Several Democrats also said they would put forward additional legislation next year to make the commission's work more transparent.

Del. Mark Levine (D-Alexandria) said commission members should have to disclose political contributions they've made. He also said there should be more public hearings during the redistricting process — not only before, but also after the commission has put forward its maps.

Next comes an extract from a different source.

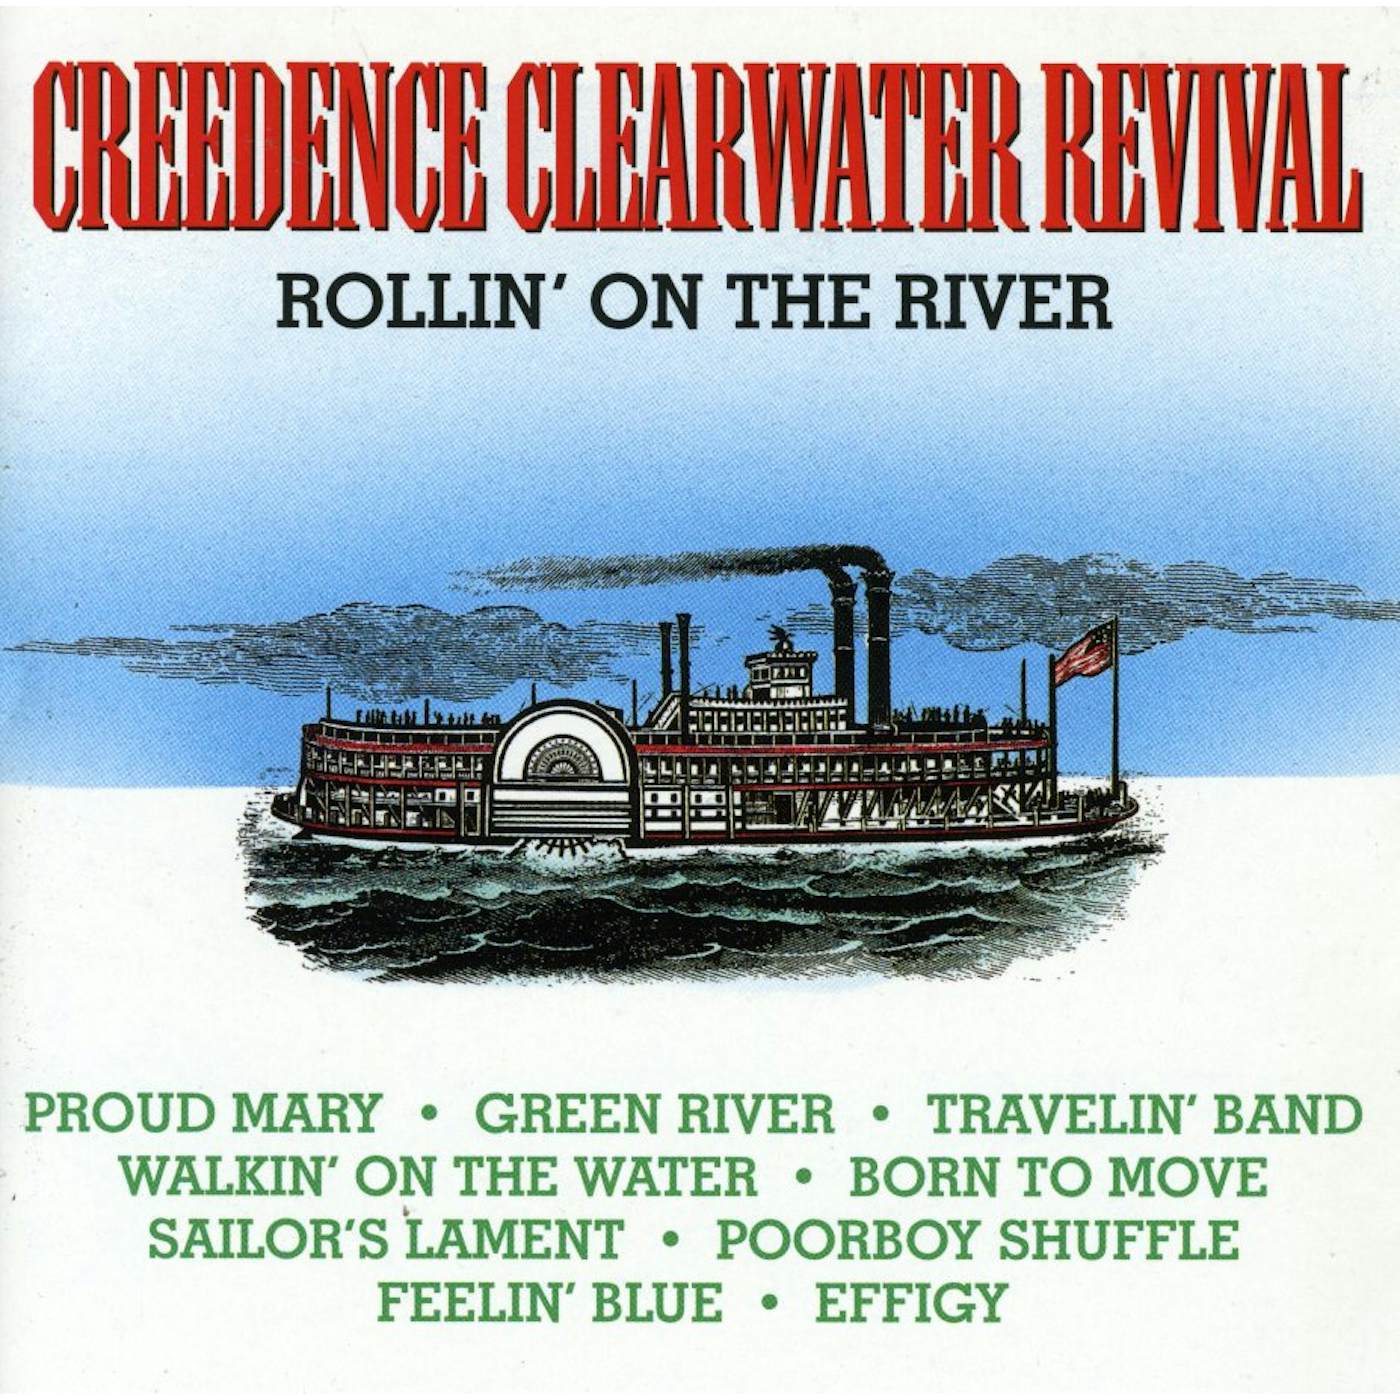 Creedence Clearwater Revival ROLLIN ON THE RIVER CD

On Monday, lawmakers also approved $1 million in funding for a third-party investigation into the Virginia Military Institute, which has been rocked by allegations of pervasive racism on campus. VMI's superintendent, Gen. J.H. Binford Peay III, resigned after news reports where Black cadets and alumni said they experienced racism from peers and faculty.

The spending proposal met some pushback from Republican lawmakers. Del. Kirk Cox (R-Colonial Heights), said the alleged incidents at VMI should be "fully investigated," but he described Peay as a man of "tremendous integrity."

In his resignation letter, Peay said the governor's office had urged him to step down, which Cox criticized, saying "because of how that was handled, I just don't have a lot of confidence in ... an independent investigation from this administration."

In the Senate, Minority Leader Tommy Norment (R-James City) said he supported the investigation. But Norment, who is white, also criticized officials for rushing to judgement on VMI, saying, "We can't let the media lynch VMI," according to the Richmond Times-Dispatch.

The senator referenced sexual assault allegations leveled against Lt. Gov. Justin Fairfax (D) last year, saying that Fairfax did not get due process. Fairfax, who is Black, had talked about a "political lynching," at the time.

In the Washington Post report on VMI, a Black student said he was threatened with a lynching.

Virginia's special session unfolded under unusual circumstances. The state Senate met in a large room at the Science Museum of Virginia, and the House of Delegates primarily met virtually because of the coronavirus pandemic.

Lawmakers were forced to remake an ambitious budget because of revenue shortfalls. They also passed a number of bills around policing and criminal justice, including changes to Virginia's sentencing laws, bans on no-knock warrants and limits on the use of chokeholds.

Other proposals, like an end to qualified immunity, failed to make it out of committee.